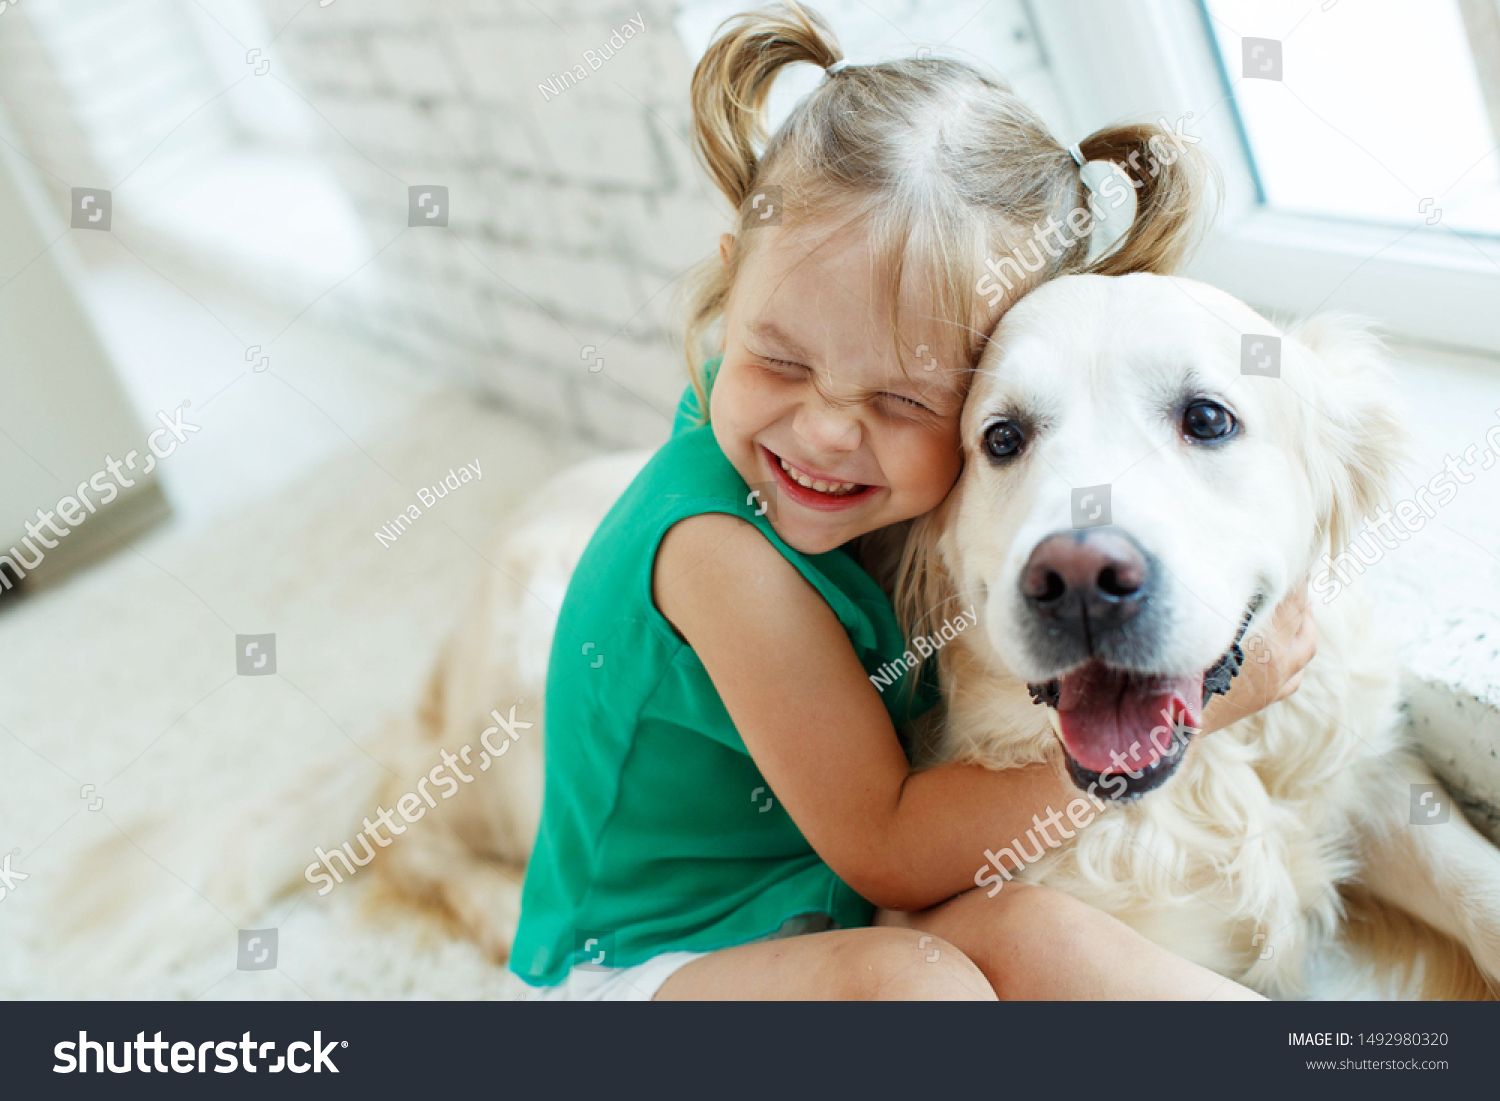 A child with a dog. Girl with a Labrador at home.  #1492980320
▬▬▬▬▬▬▬▬▬▬
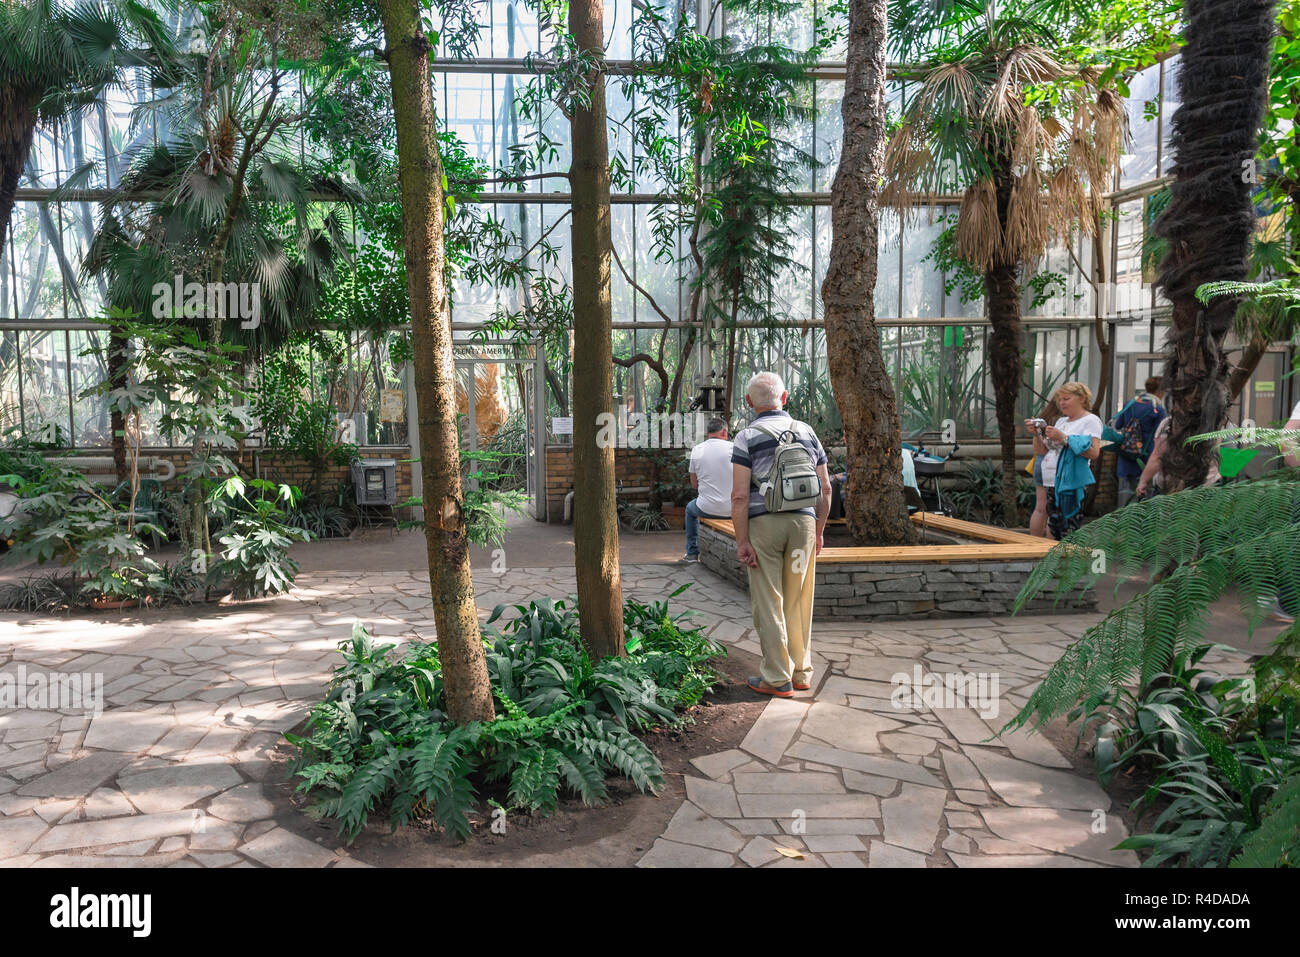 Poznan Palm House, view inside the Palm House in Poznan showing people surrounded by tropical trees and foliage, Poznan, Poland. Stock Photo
▬▬▬▬▬▬▬▬▬▬
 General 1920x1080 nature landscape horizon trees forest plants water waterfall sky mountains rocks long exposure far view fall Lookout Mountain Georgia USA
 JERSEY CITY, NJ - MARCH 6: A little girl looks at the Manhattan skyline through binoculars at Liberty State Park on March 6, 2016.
▬▬▬▬▬▬▬▬▬▬
> Exercise description
From the material above, retype precisely the lines between the line holding "General 1920x1080 nature" and the line holding "JERSEY CITY, NJ", inclusive, and nothing beyond them.

> Task result
 General 1920x1080 nature landscape horizon trees forest plants water waterfall sky mountains rocks long exposure far view fall Lookout Mountain Georgia USA
 JERSEY CITY, NJ - MARCH 6: A little girl looks at the Manhattan skyline through binoculars at Liberty State Park on March 6, 2016.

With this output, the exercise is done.